Given records
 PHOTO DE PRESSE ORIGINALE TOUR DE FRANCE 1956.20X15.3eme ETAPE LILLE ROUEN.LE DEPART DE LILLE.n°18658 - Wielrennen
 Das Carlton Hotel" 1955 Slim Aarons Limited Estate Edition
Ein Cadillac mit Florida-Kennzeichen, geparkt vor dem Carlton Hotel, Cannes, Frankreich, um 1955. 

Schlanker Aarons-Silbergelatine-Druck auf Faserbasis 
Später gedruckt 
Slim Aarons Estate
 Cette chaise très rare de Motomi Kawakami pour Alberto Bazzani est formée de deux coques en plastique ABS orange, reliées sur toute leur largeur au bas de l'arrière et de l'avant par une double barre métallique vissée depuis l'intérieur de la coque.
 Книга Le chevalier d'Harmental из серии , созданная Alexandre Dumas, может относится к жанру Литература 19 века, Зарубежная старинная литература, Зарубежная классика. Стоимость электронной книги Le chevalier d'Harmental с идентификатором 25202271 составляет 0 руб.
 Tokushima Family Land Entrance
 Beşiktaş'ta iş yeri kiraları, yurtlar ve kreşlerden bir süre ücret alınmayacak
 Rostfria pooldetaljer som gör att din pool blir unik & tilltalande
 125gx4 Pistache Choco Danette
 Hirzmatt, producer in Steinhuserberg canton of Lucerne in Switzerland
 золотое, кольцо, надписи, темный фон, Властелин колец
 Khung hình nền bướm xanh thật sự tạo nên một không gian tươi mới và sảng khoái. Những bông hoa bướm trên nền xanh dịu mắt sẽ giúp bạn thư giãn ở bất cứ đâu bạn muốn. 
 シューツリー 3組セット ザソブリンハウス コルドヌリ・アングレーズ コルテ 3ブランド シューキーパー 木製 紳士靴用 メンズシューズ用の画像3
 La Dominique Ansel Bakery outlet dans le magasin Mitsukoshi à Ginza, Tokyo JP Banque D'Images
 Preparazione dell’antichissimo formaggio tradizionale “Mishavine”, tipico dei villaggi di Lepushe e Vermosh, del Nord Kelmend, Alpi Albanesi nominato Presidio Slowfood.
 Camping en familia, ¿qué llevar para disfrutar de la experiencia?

Task description
Where the records above contain a line with "125gx4 Pistache Choco Danette", repeat that line and each later line through the end, exactly, and nothing more.

Exercise answer
 125gx4 Pistache Choco Danette
 Hirzmatt, producer in Steinhuserberg canton of Lucerne in Switzerland
 золотое, кольцо, надписи, темный фон, Властелин колец
 Khung hình nền bướm xanh thật sự tạo nên một không gian tươi mới và sảng khoái. Những bông hoa bướm trên nền xanh dịu mắt sẽ giúp bạn thư giãn ở bất cứ đâu bạn muốn. 
 シューツリー 3組セット ザソブリンハウス コルドヌリ・アングレーズ コルテ 3ブランド シューキーパー 木製 紳士靴用 メンズシューズ用の画像3
 La Dominique Ansel Bakery outlet dans le magasin Mitsukoshi à Ginza, Tokyo JP Banque D'Images
 Preparazione dell’antichissimo formaggio tradizionale “Mishavine”, tipico dei villaggi di Lepushe e Vermosh, del Nord Kelmend, Alpi Albanesi nominato Presidio Slowfood.
 Camping en familia, ¿qué llevar para disfrutar de la experiencia?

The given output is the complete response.